I have recently published a book in the Philippines on the radical wing of the Philippine labor movement, and thought you and/or faculty members and/or graduate students in your department might be interested in knowing about this book.

We have no money for advertising, and so are dependent upon word-of-mouth. Would you please foward this message to anybody in your department that is interested in labor, workers, women workers, Philippines, Southeast Asia, Asia, social movements, social movement unionism, third world development, political sociology? Further, would you ask them to forward this message on to their friends and networks, so we can get the widest distribution possible?
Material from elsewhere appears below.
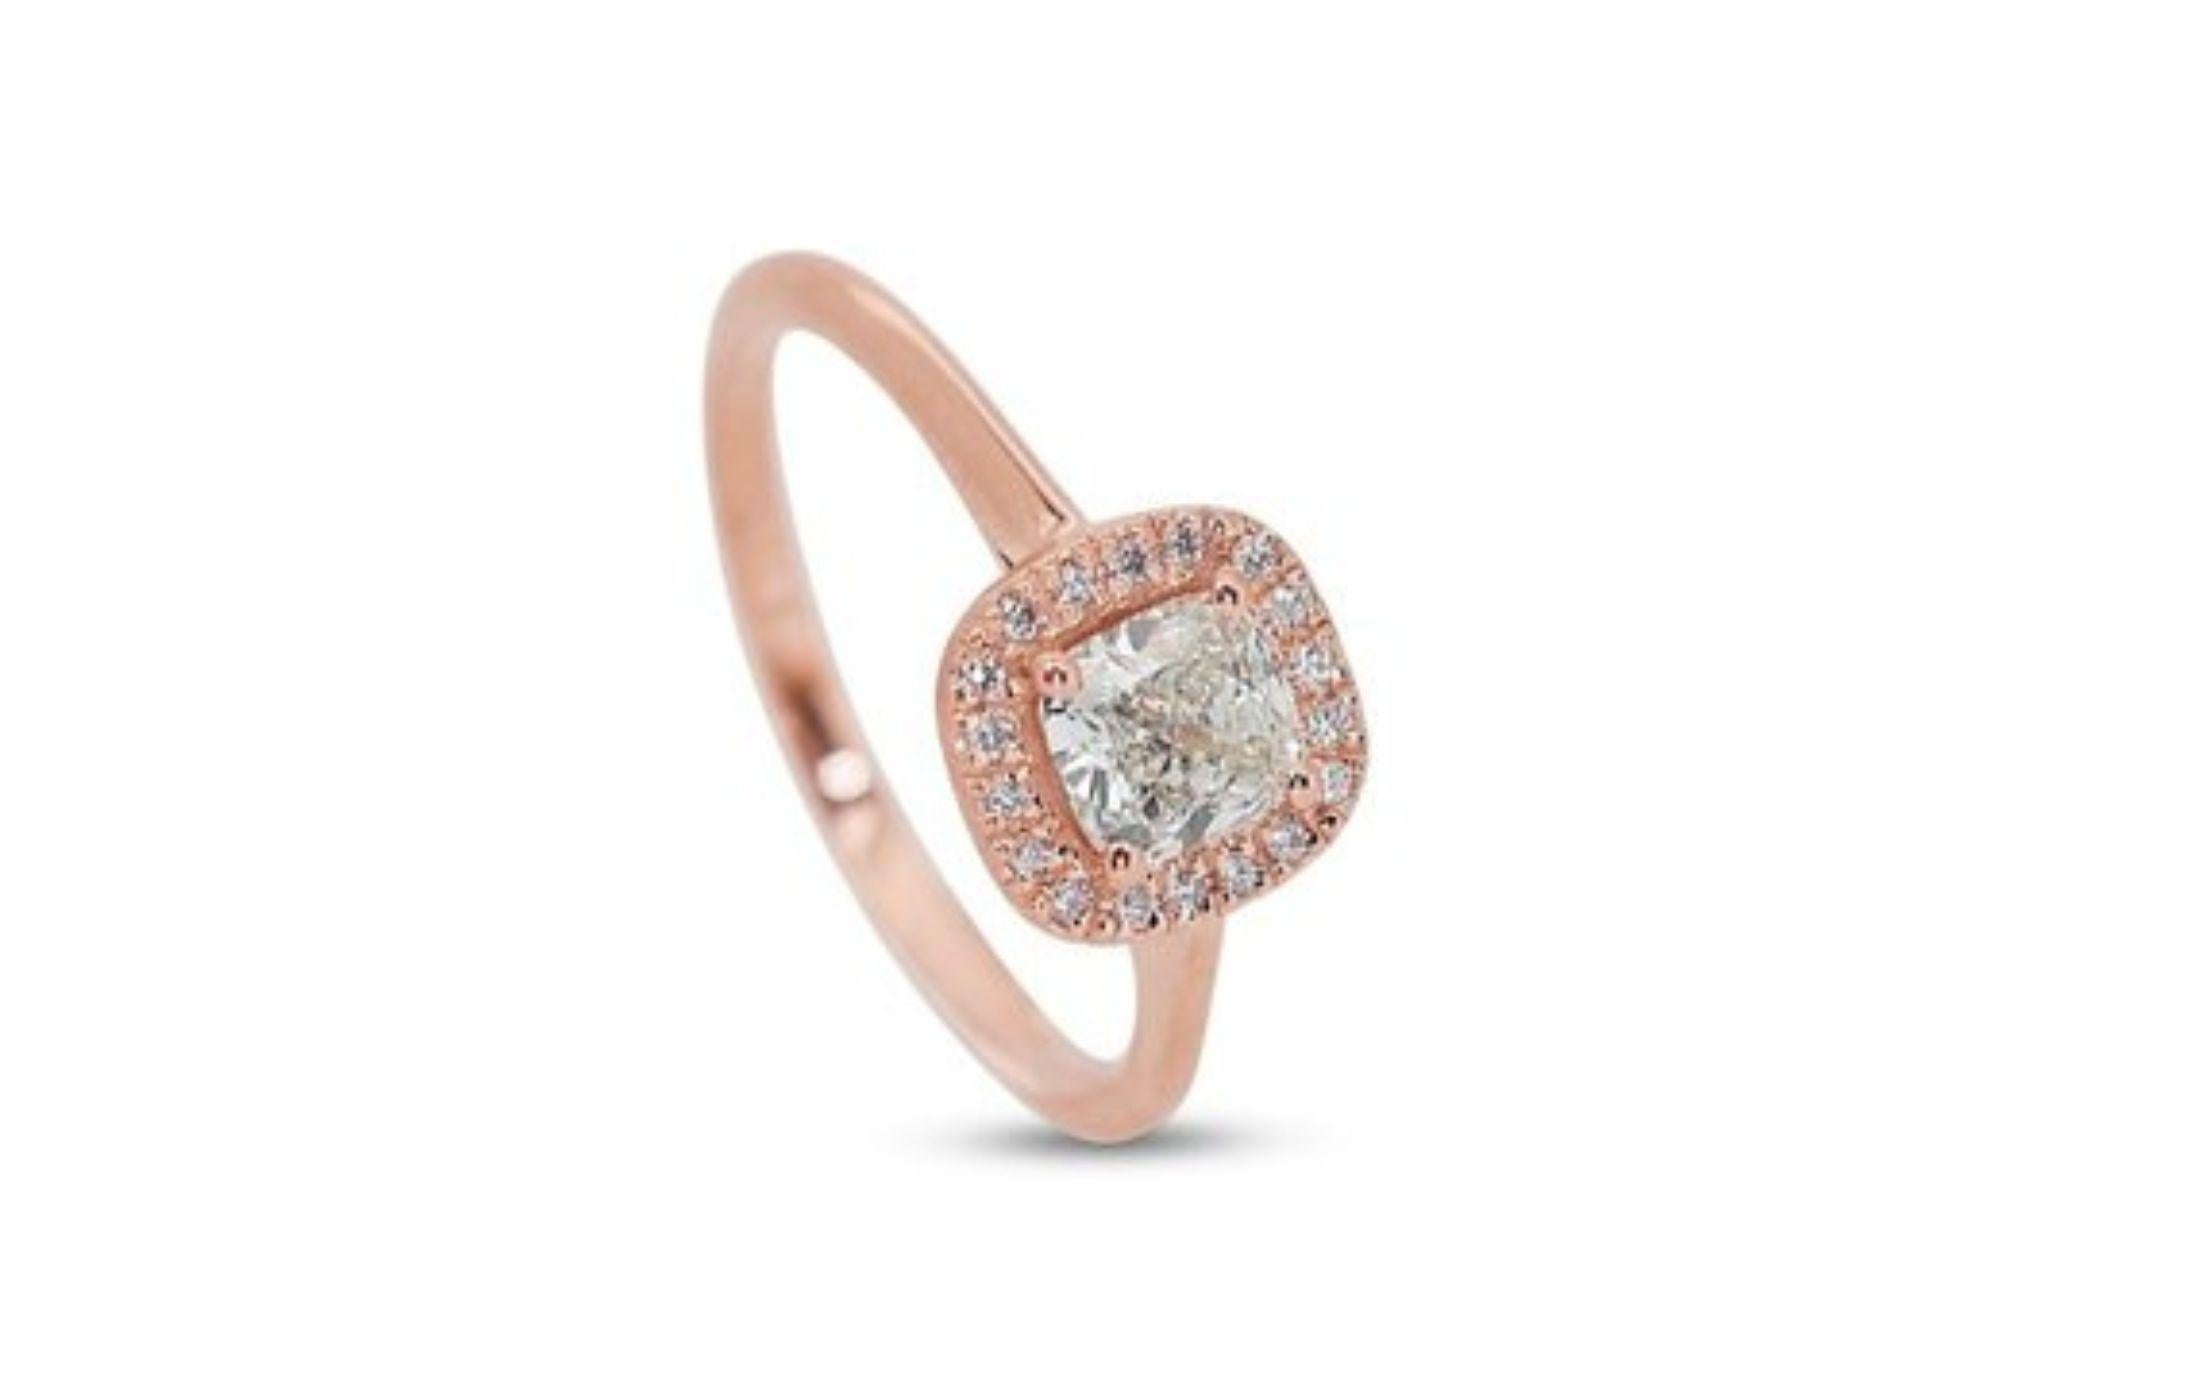 Romantic  1 Carat Cushion Diamond Ring with Dazzling Side Stones in 18K Pink Gol For Sale 2

Thank you.

Thanks again for any assistance/support you can give to this request. With best wishes--Kim Scipes

Kim Scipes. 1996. KMU: BUILDING GENUINE TRADE UNIONISM IN THE PHILIPPINES, 1980-1994. Quezon City, Philippines: New Day Publishers.

Available from in the Philippines from: New Day Publishers, PO Box 1167, 1100 Quezon City, Philippines. Fax: 63/2/924-6544, Voice: 63/2/928-8046.

Cost: In Philippines: P 350; outside of the Philippines and US: US $15, plus US $6 for airmail postage, $4 for sea

Available in the US from: Sulu Arts and Books, 465 Sixth Street, San Francisco, CA 94103-4794. Voice: 415/777-2451, fax: 415/777-4676.

Cost: $18.95 (minus 5% discount for educators and students), plus shipping.

From the back cover of the book

The KMU (Kilusang Mayo Uno) or May First Movement is the most militant labor center in the Philippines, and one of the most dynamic and developed in the world. It played a key role in toppling the Marcos dictatorship, and has been central in the fight against the restoration of a system of elite democracy. Based at the point of production, distribution and exchange in the Philippine economy, it has acted to raise wages and improve working conditions for its members, while challenging the various government's 'western' model of development and the Philippines' role in the global economy. It has allied with social movements throughout the country and internationally, and is one of the creators of a new type of trade unionism--social movement unionism--that is a model for workers in both the 'third world' and the so-called developed countries.

This is the first book-length study of the KMU, and covers the first 14 years of its existence. Since the KMU is a national center of regional labor organizations, this book looks at the development of these regional labor centers across colonial and postcolonial production systems--capitalist agriculture in Mindanao, extractive mining in Cebu, plantation sugar in Negros, and a multinational export processing zone in Bataan--to understand how the KMU has developed. Additionally, this book specifically looks at how the KMU approaches gender relations organizationally, focusing on the Kilusan ng Manggagawang Kababaihan (KMK)--the gender-based women worker's organization--as well as looking at women's leadership in nationwide organizations and in local unions. This is the first book to examine the changes in the country from the dictatorship to the reestablishment of elite democracy from the perspective of militant labor. While focused primarily on the 1980-90 period, this book also evaluates the situation under the Ramos administration, and the splits that initially appeared to threaten the existence of the KMU in 1993.

Note: This book would be excellent for classes on the Philippines, Asia, third world development, labor, social movements, social movement unions, workers, women workers. Although not a theoretical book, it is an in-depth empirical study that provides extensive material for theoretical intervention.